◆ **Recorded information**
--- START ---

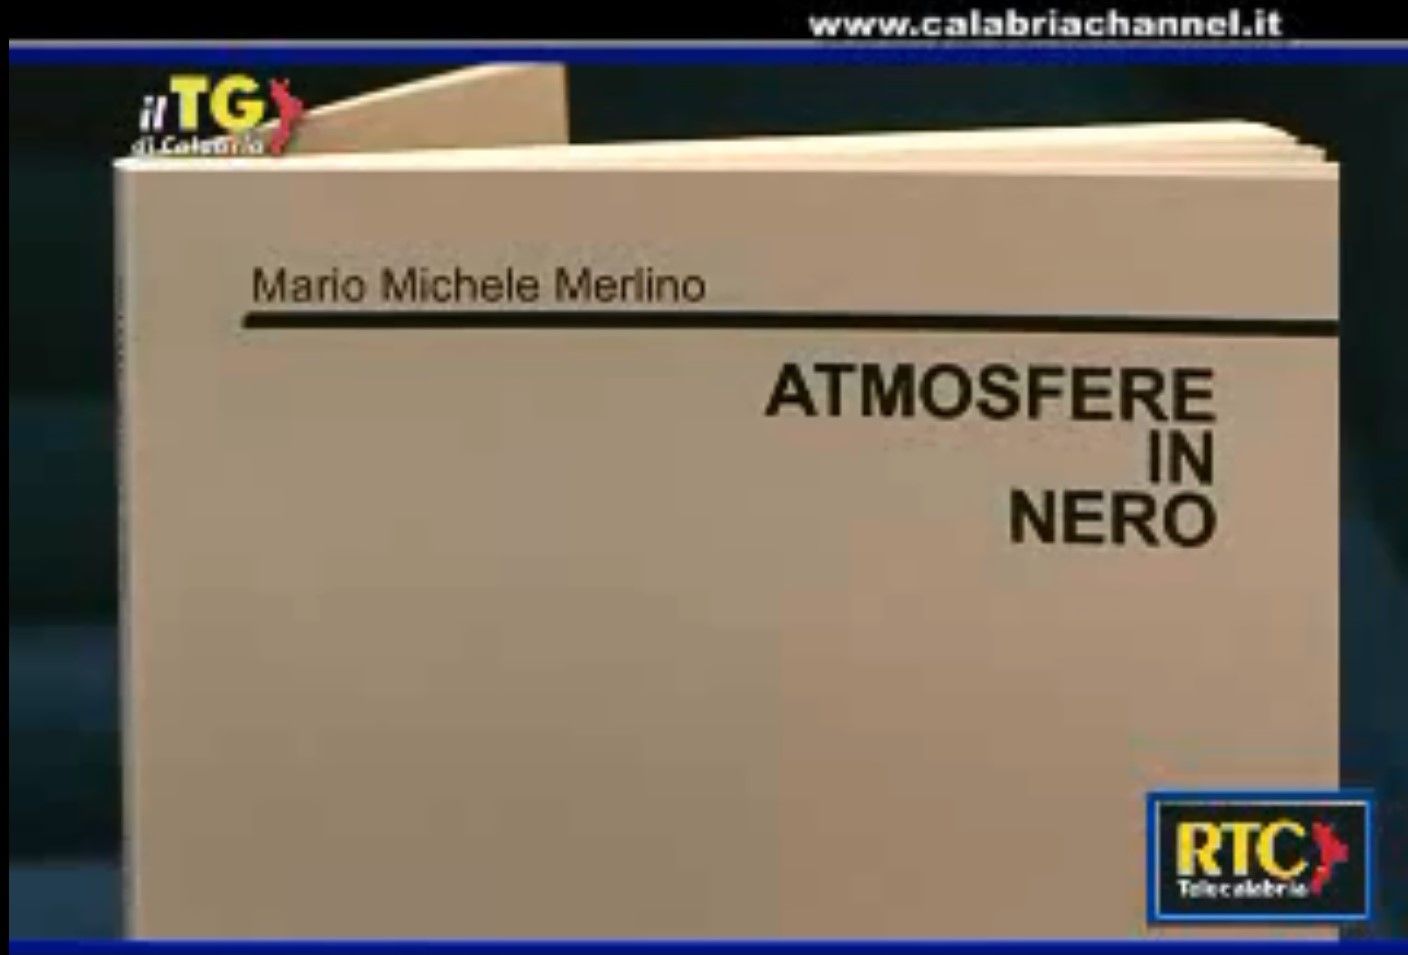 “Atmosfere in Nero” di Mario Michele Merlino al mercatino
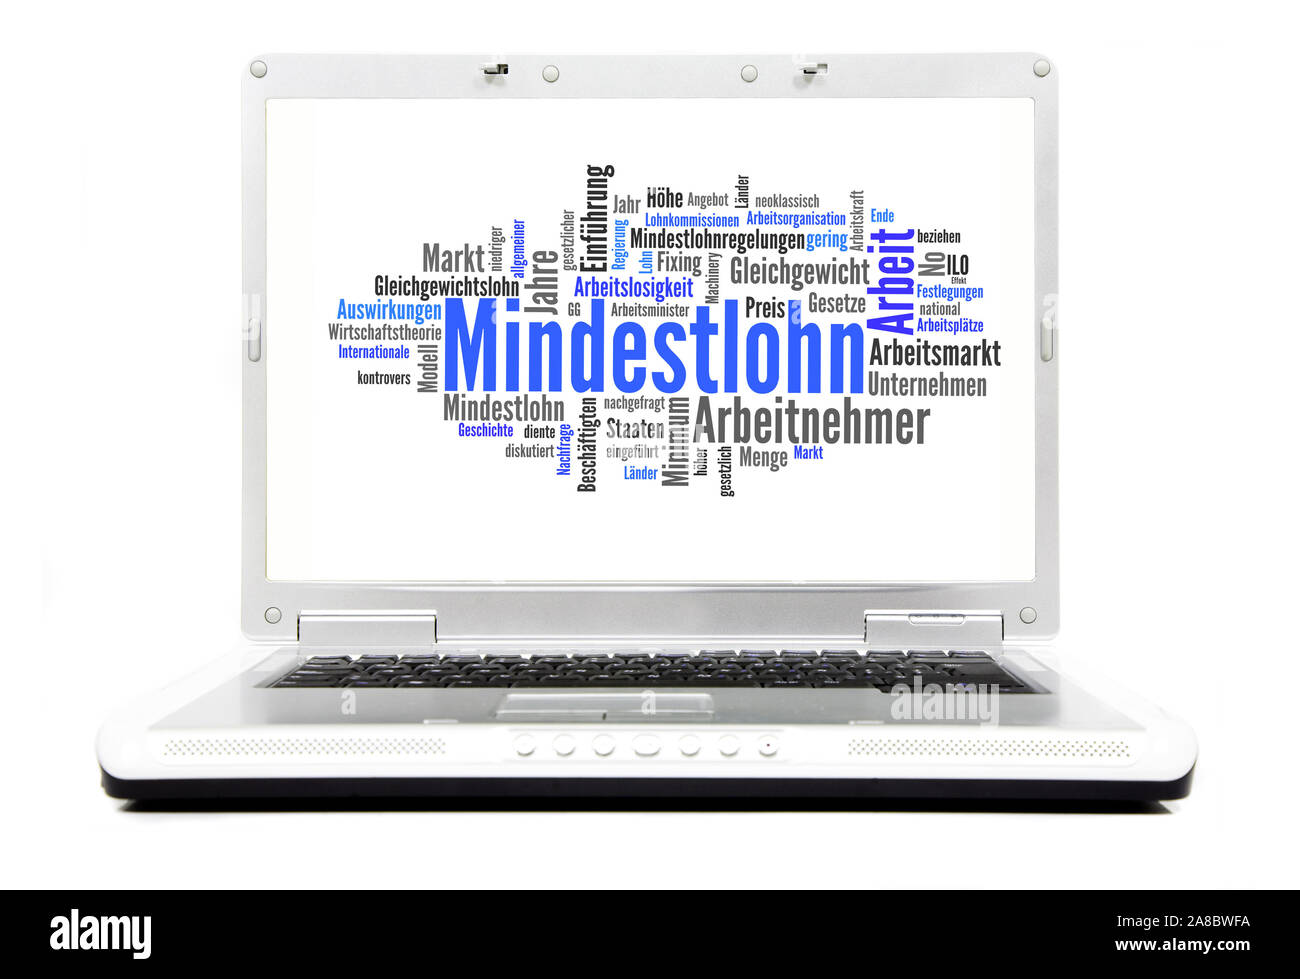 Laptop, Hintergrund Mindestlohnforderungen, Stock Photo
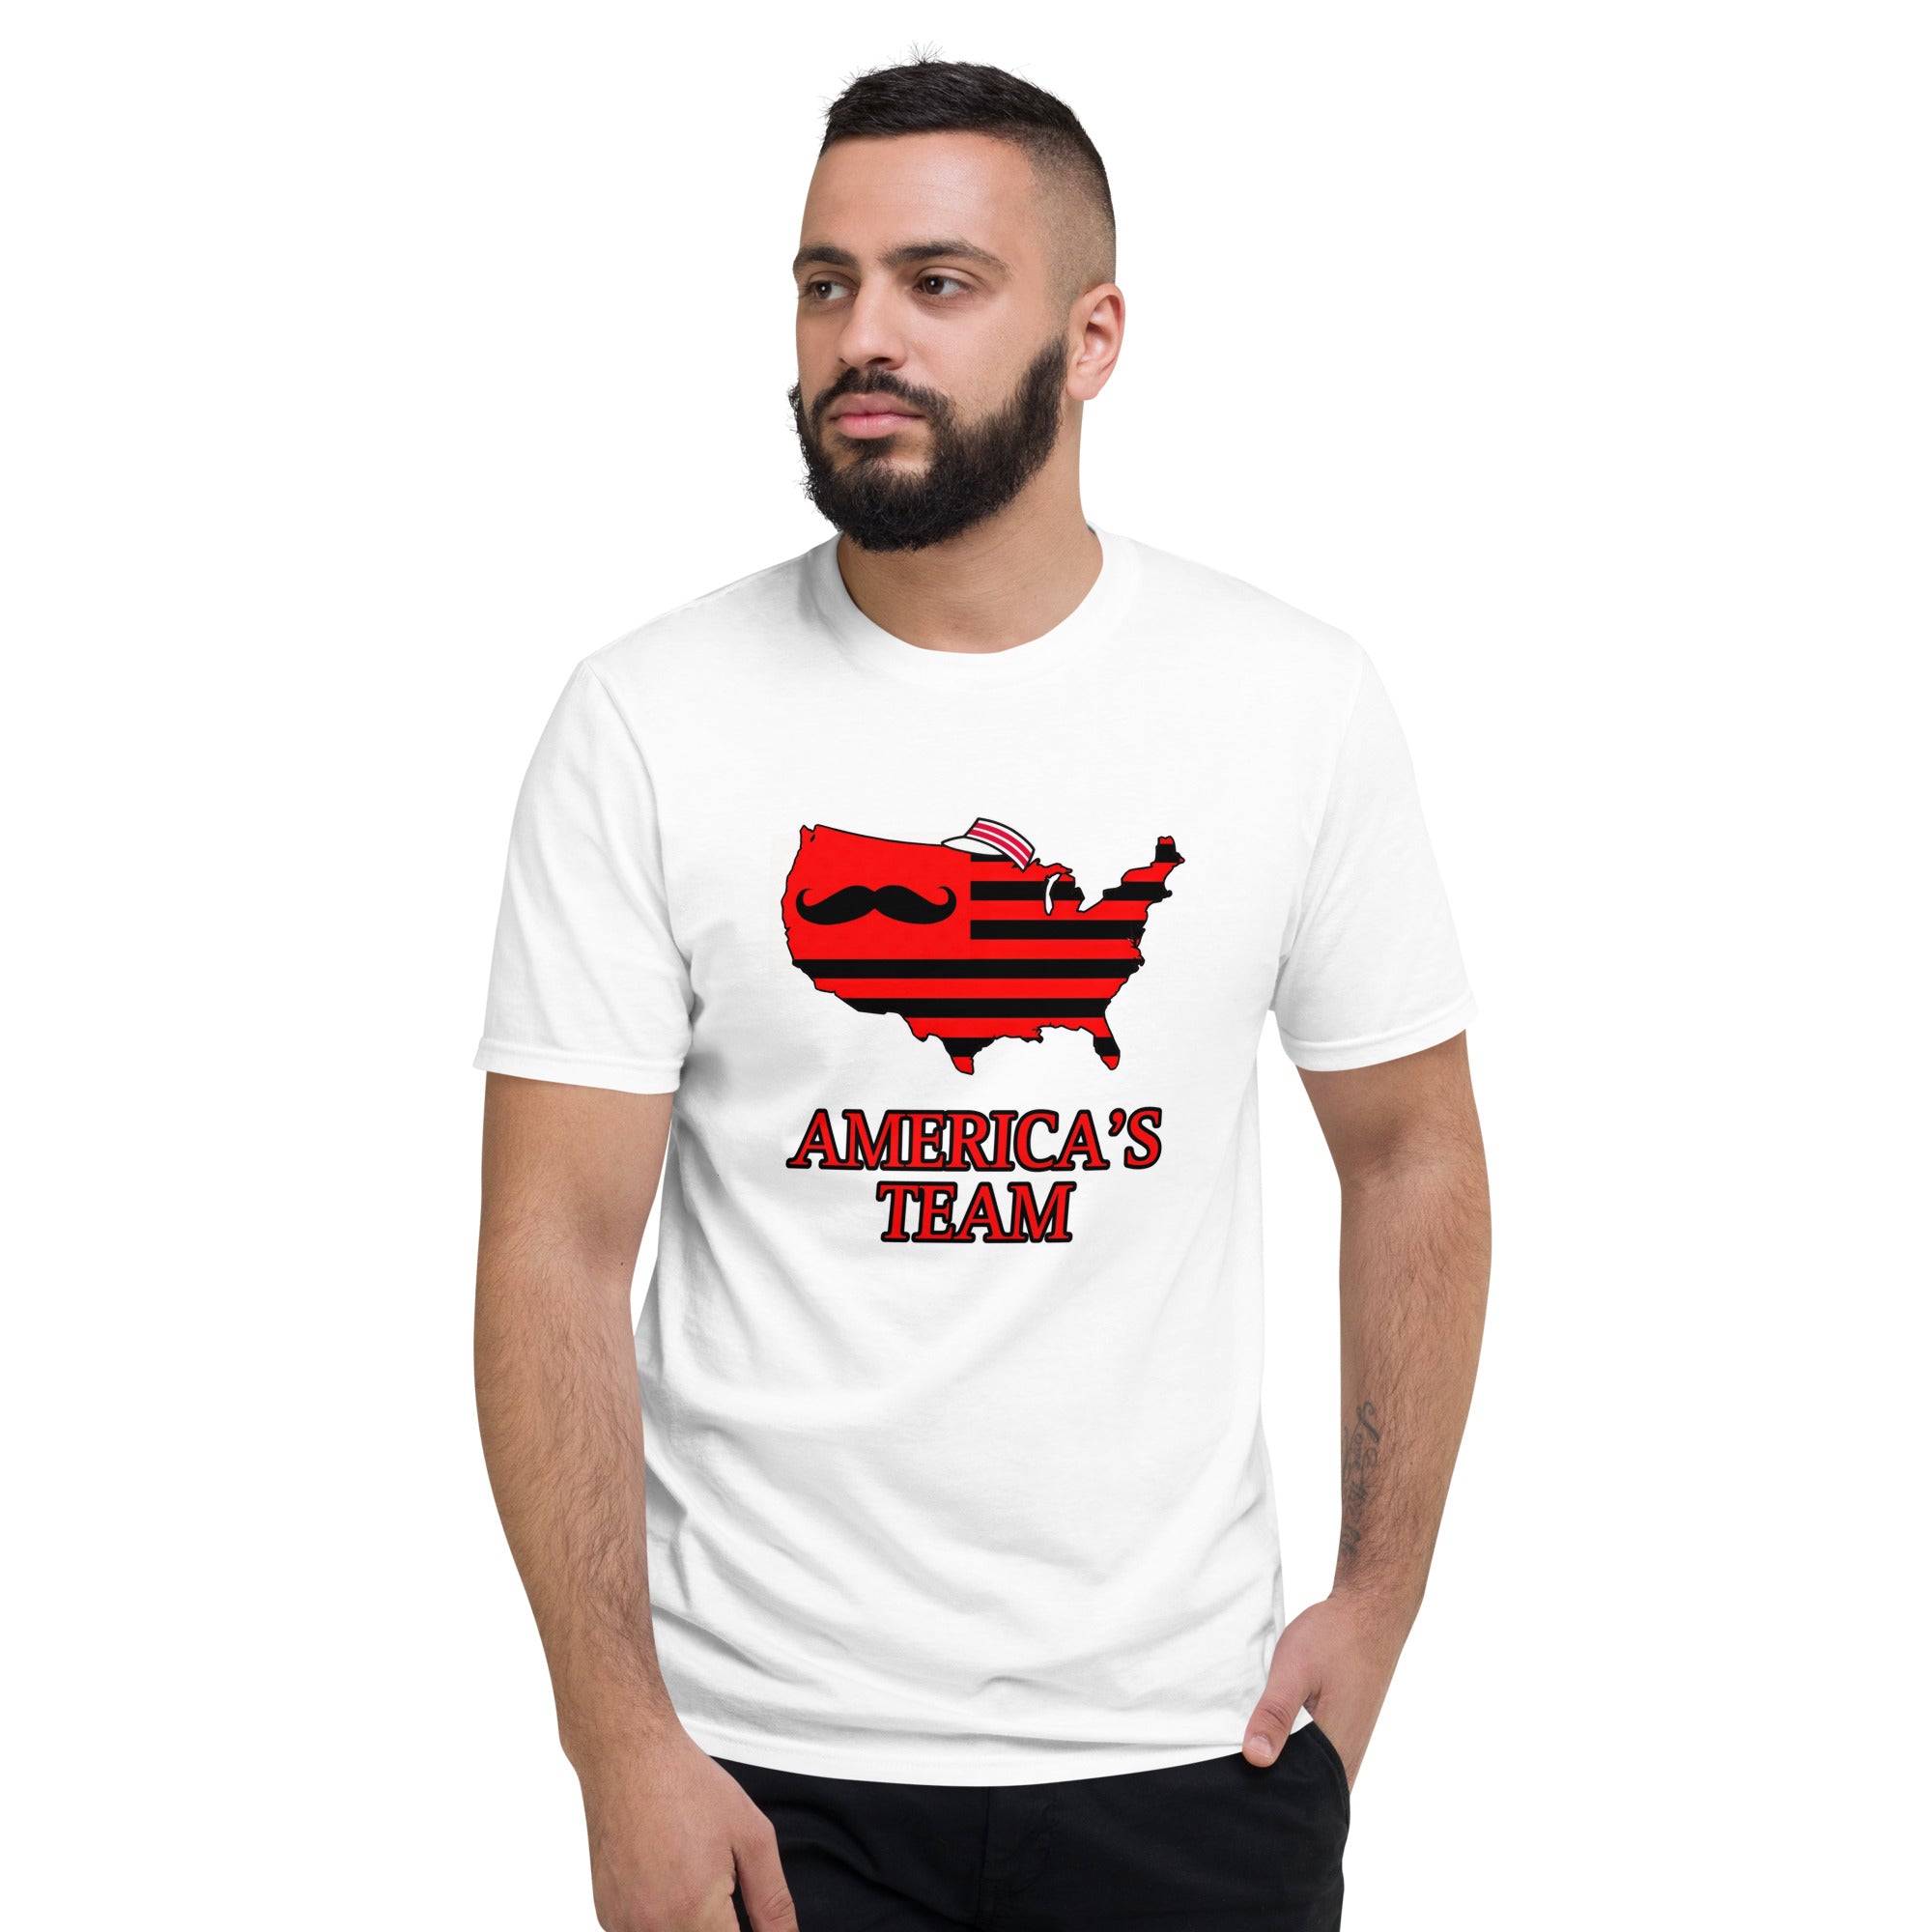 America's Team T-Shirt (Reds)
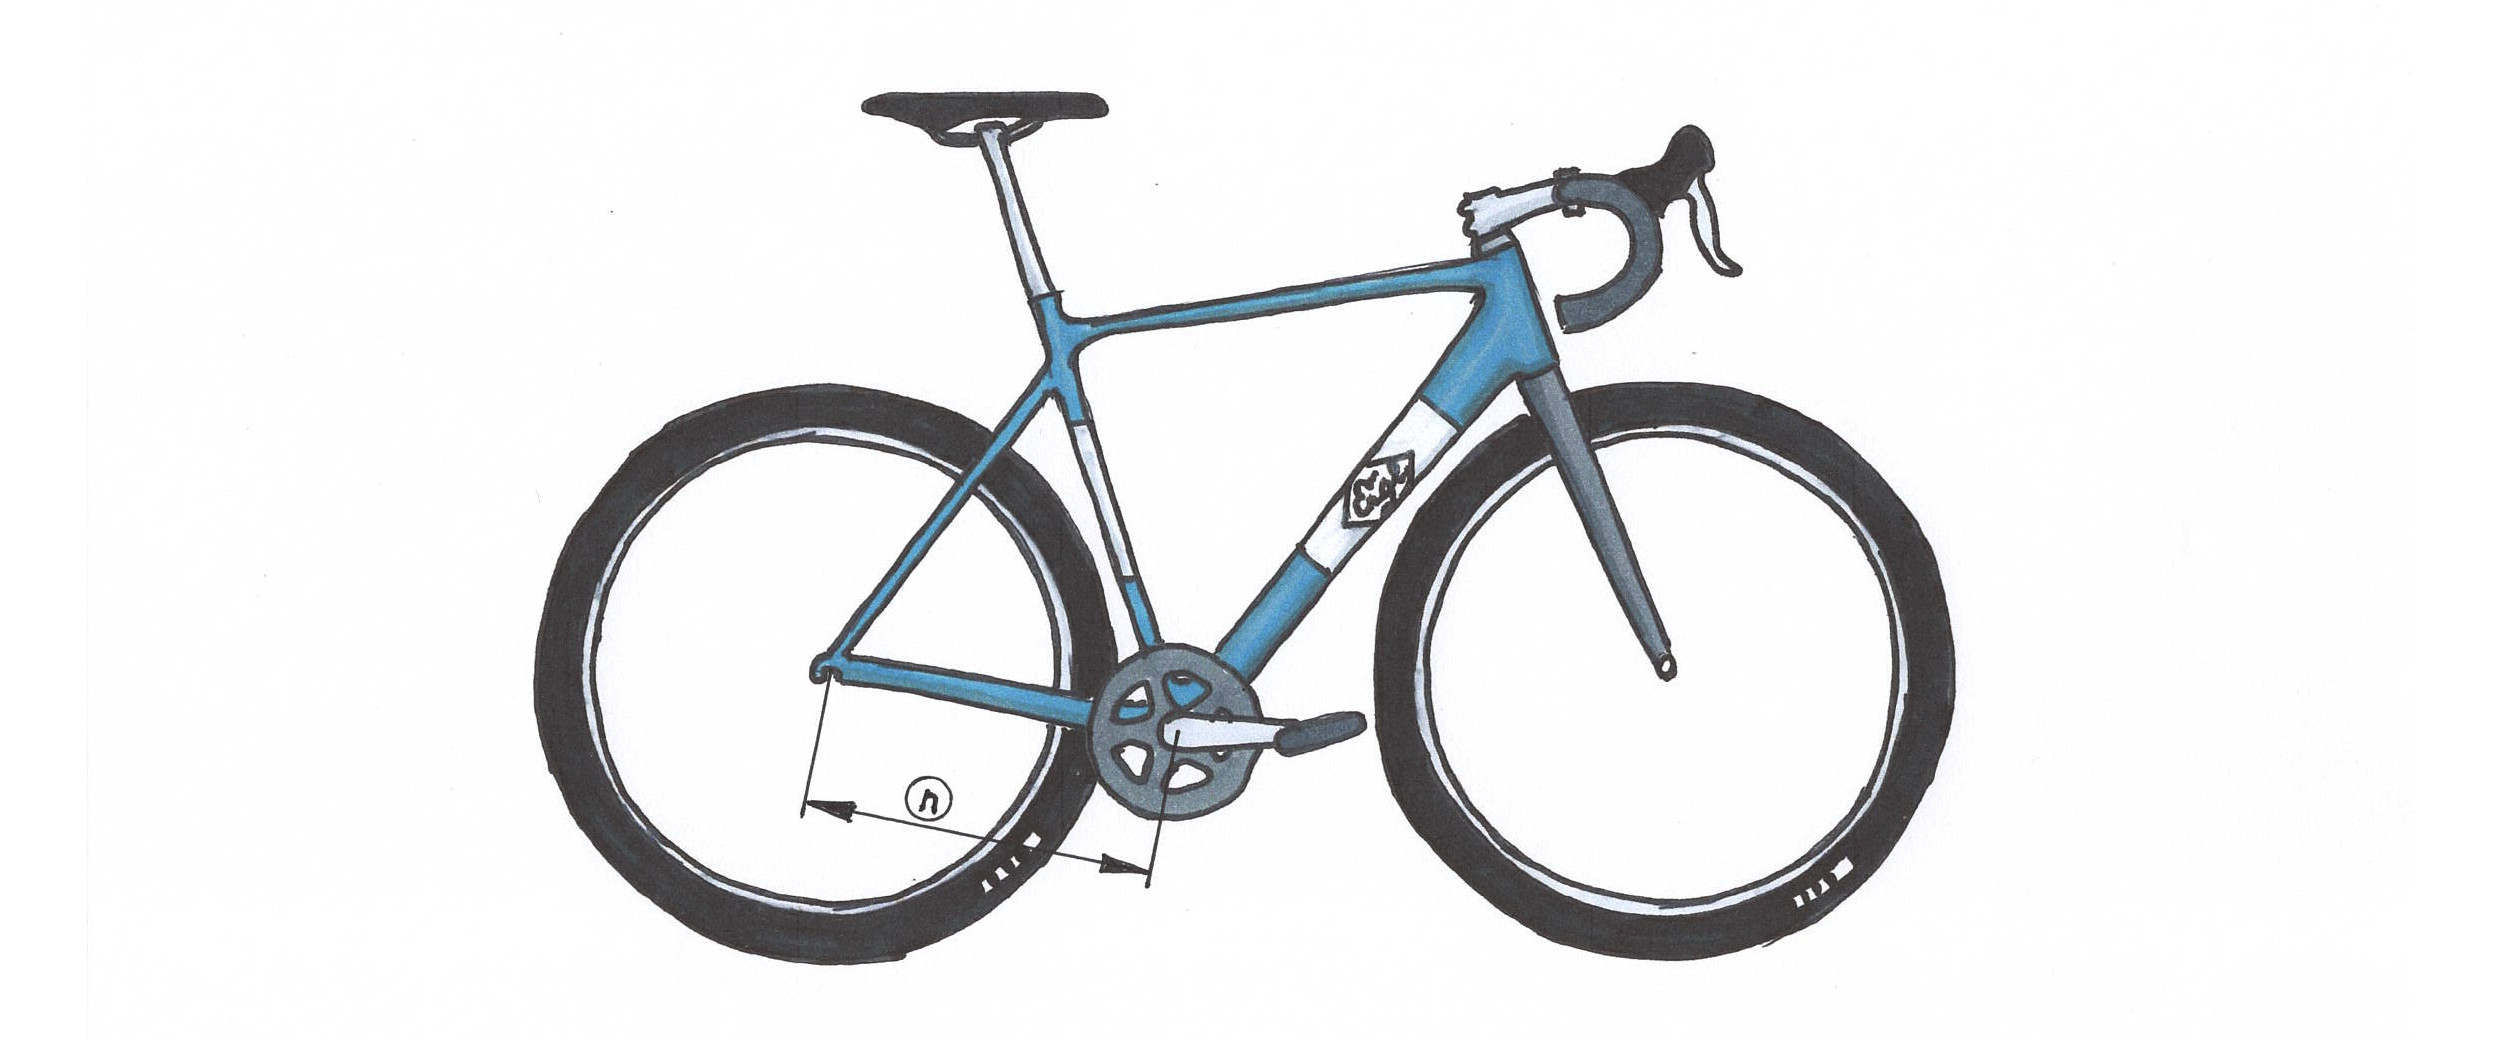 Bicycle diagram

--- END ---

◆ **Problem statement**
Would you set down every line of the data above exactly, skipping the pictures?

◆ **Reply to the task**
 “Atmosfere in Nero” di Mario Michele Merlino al mercatino
 Laptop, Hintergrund Mindestlohnforderungen, Stock Photo
 America's Team T-Shirt (Reds)
 Bicycle diagram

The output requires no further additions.